[Start of Attachment]
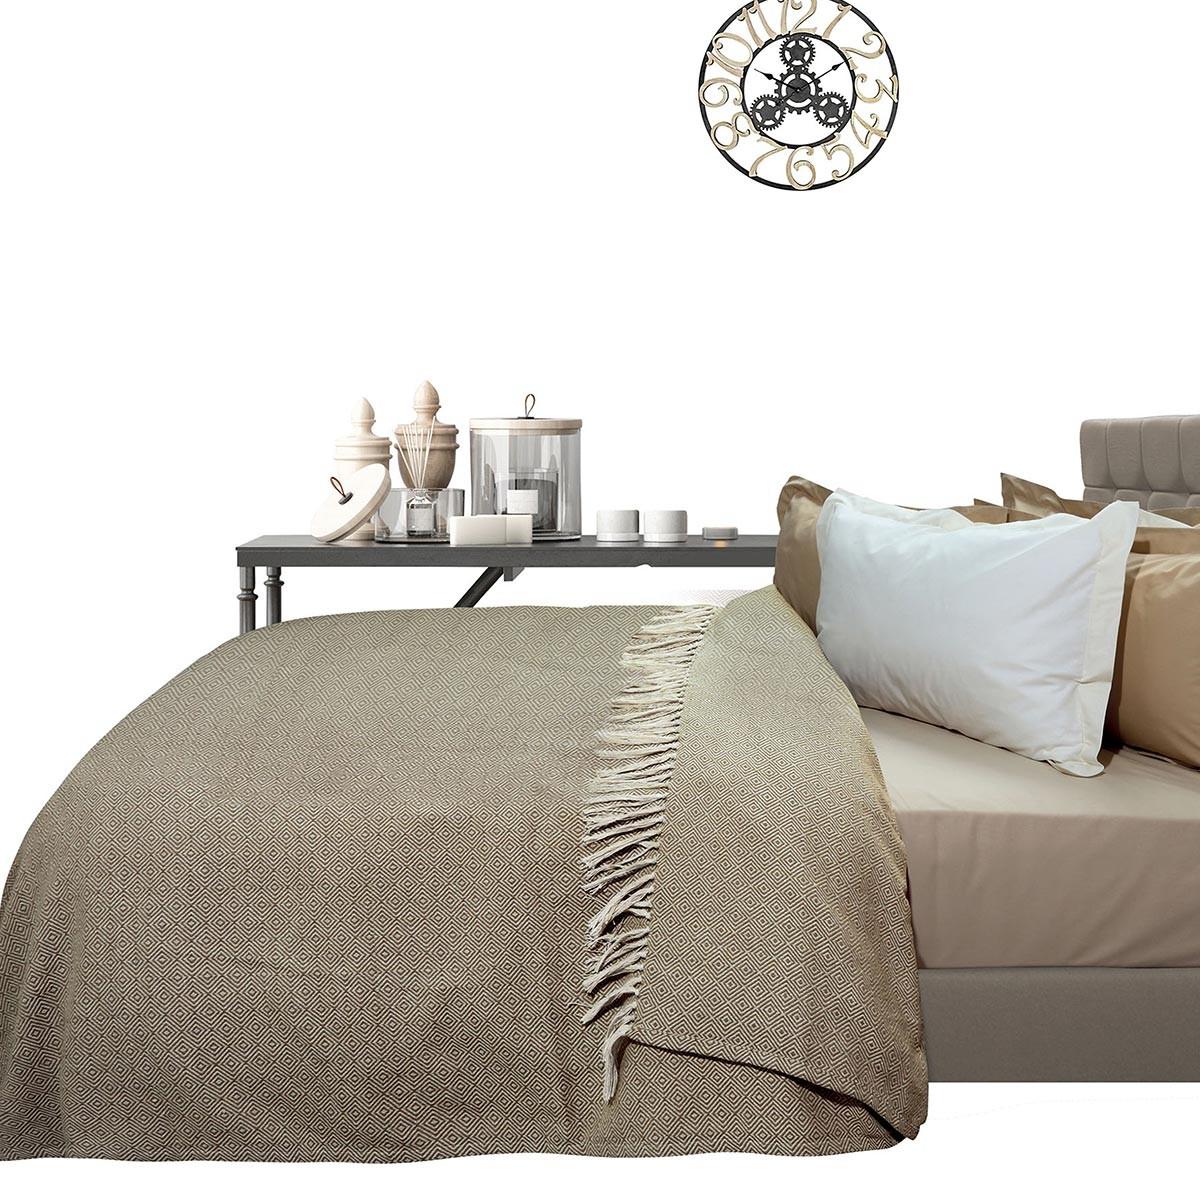 Κουβερτόριο Υπέρδιπλο Das Home Blanket Line Jacquard 383
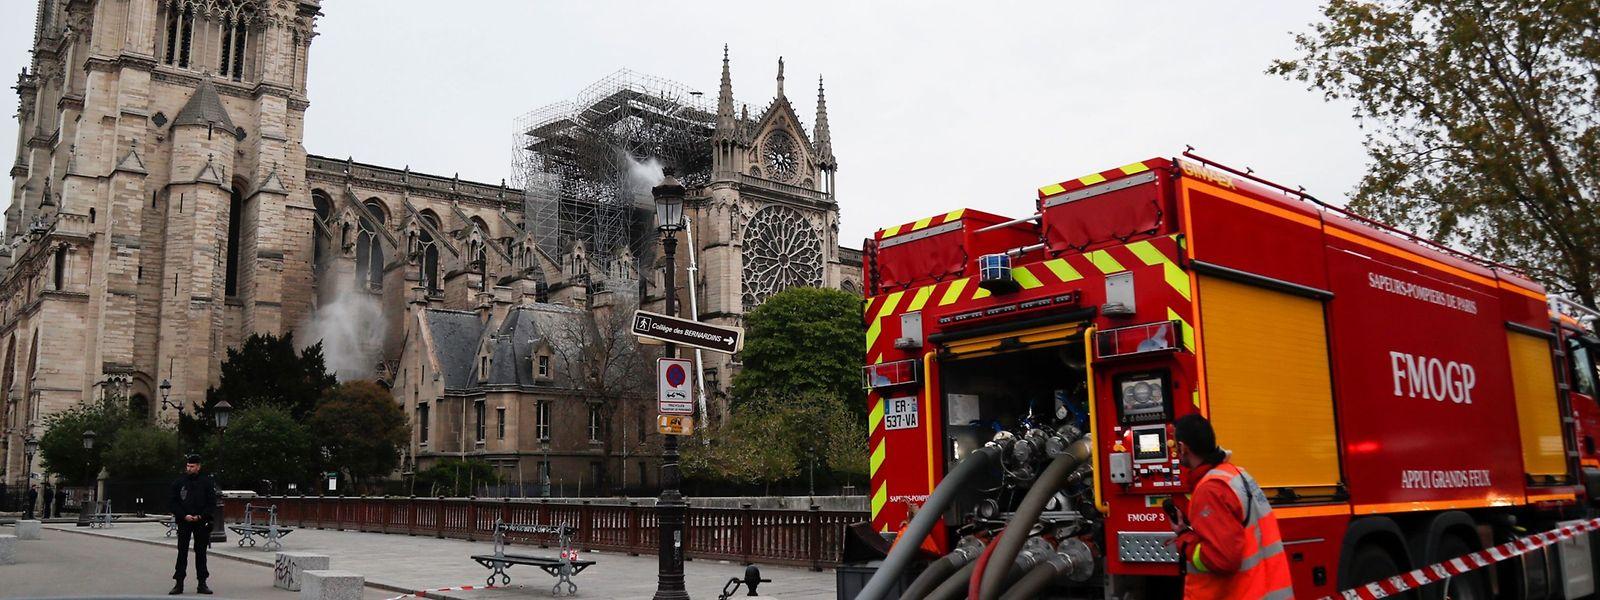 Quelques heures après le début de l'incendie qui a ravagé Notre-Dame de Paris, des messages de soutien ont afflué du monde entier.
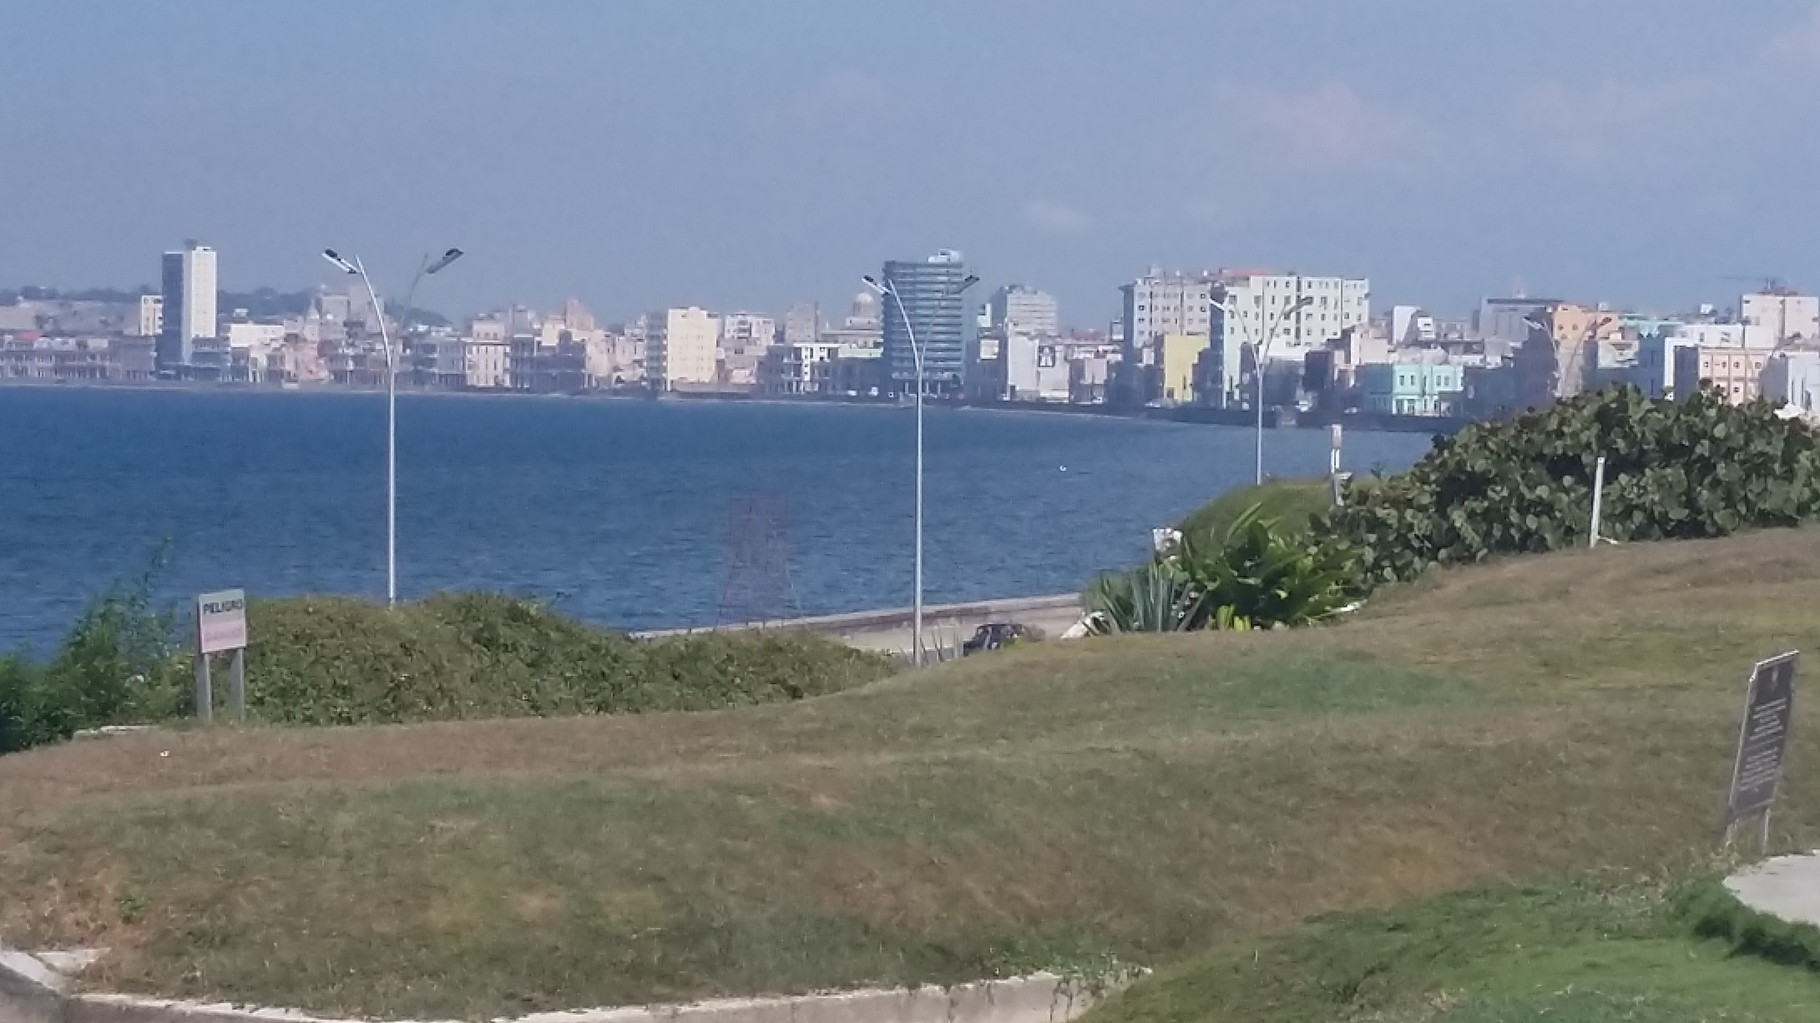 Vista panorámica del malecón de La Habana.
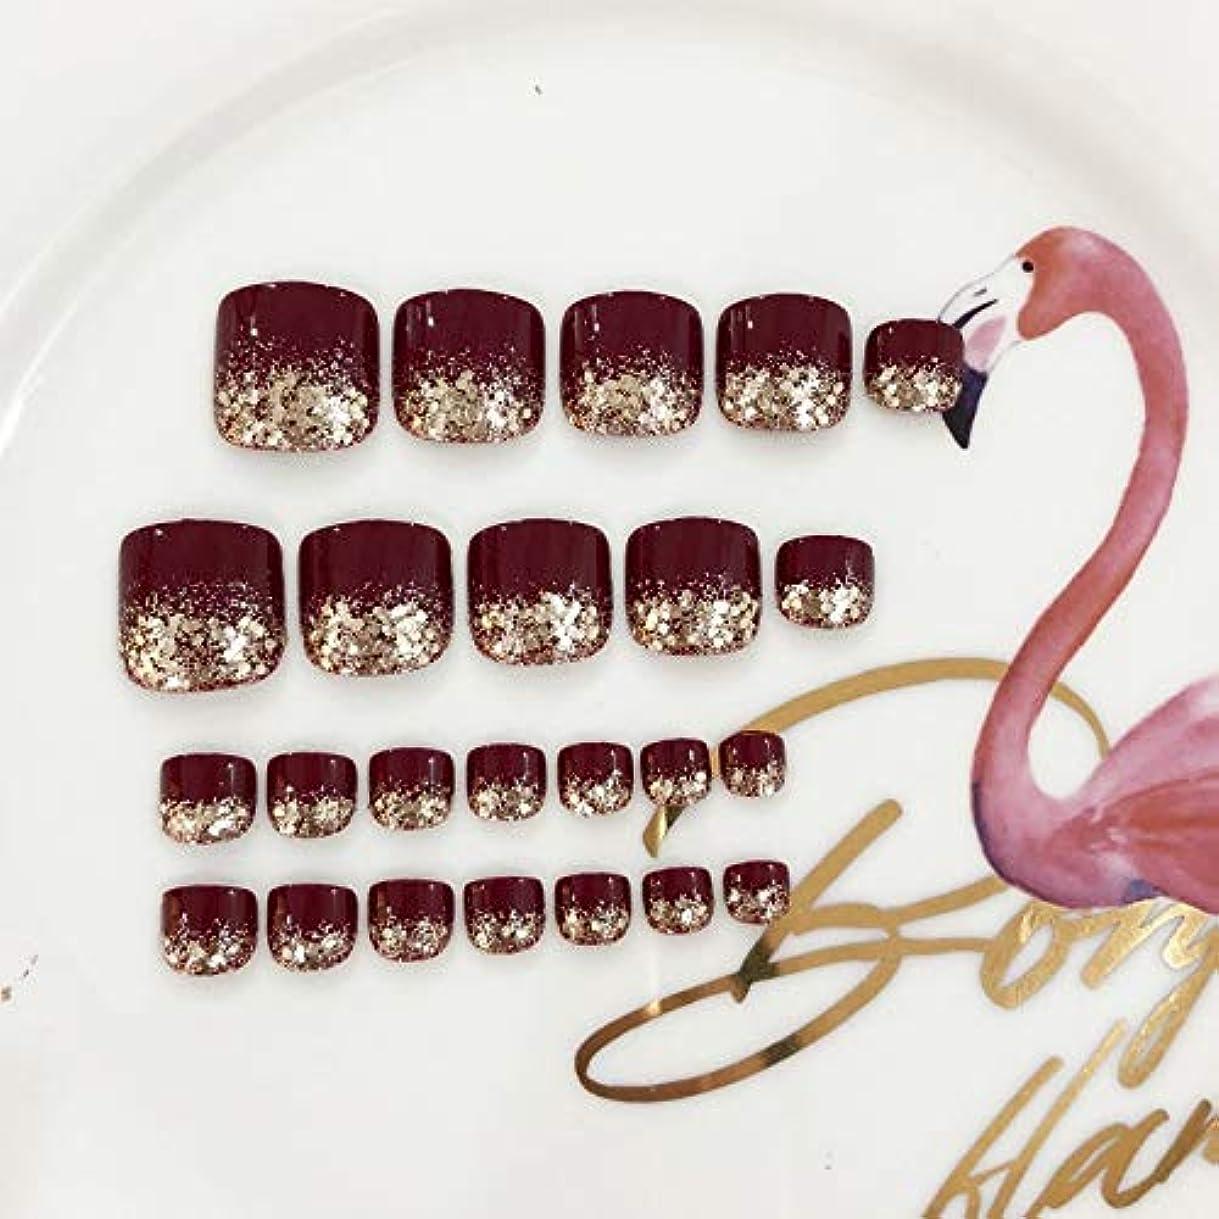 横買い物に行くキャプチャーXUANHU HOME 偽爪キット24個入り赤と輝きのスパンコールフレンチマニキュア偽爪と接着剤フルカバーミディアムの長さ
[End of Attachment]
WHAT IS EXPECTED: Omit the pictures and output all of the other material exactly.

ANSWER FOR THIS EXERCISE:
 Κουβερτόριο Υπέρδιπλο Das Home Blanket Line Jacquard 383
 Quelques heures après le début de l'incendie qui a ravagé Notre-Dame de Paris, des messages de soutien ont afflué du monde entier.
 Vista panorámica del malecón de La Habana.
 横買い物に行くキャプチャーXUANHU HOME 偽爪キット24個入り赤と輝きのスパンコールフレンチマニキュア偽爪と接着剤フルカバーミディアムの長さ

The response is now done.